WHAT IS BEING ASKED: Retype, without alteration, each line from the line containing "Amico il concetto" to the final line of the records.

Stored items:
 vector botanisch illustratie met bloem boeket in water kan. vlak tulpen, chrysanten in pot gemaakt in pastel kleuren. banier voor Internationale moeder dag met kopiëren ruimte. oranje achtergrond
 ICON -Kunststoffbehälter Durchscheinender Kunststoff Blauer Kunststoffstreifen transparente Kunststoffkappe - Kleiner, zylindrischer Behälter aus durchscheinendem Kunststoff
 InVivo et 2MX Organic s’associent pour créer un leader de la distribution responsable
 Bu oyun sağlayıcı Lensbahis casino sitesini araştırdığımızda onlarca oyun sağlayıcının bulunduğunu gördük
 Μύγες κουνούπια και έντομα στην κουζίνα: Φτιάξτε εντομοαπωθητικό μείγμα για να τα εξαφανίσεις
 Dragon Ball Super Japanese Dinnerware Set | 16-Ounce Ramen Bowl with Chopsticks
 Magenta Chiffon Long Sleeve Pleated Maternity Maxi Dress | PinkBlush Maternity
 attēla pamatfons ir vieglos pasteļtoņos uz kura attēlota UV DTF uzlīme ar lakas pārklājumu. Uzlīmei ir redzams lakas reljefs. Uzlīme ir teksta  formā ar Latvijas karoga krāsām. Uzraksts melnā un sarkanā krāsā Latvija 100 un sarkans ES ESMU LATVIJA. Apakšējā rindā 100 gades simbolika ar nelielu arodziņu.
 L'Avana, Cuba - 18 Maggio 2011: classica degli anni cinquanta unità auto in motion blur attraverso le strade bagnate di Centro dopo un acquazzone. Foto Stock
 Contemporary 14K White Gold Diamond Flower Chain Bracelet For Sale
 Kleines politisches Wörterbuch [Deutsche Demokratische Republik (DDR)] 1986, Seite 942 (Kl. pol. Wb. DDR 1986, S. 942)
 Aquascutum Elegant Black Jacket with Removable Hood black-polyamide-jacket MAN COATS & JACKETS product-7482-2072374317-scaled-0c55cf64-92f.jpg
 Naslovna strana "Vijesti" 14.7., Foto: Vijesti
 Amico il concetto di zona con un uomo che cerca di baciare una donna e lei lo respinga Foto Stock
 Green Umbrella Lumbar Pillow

TASK OUTPUT:
 Amico il concetto di zona con un uomo che cerca di baciare una donna e lei lo respinga Foto Stock
 Green Umbrella Lumbar Pillow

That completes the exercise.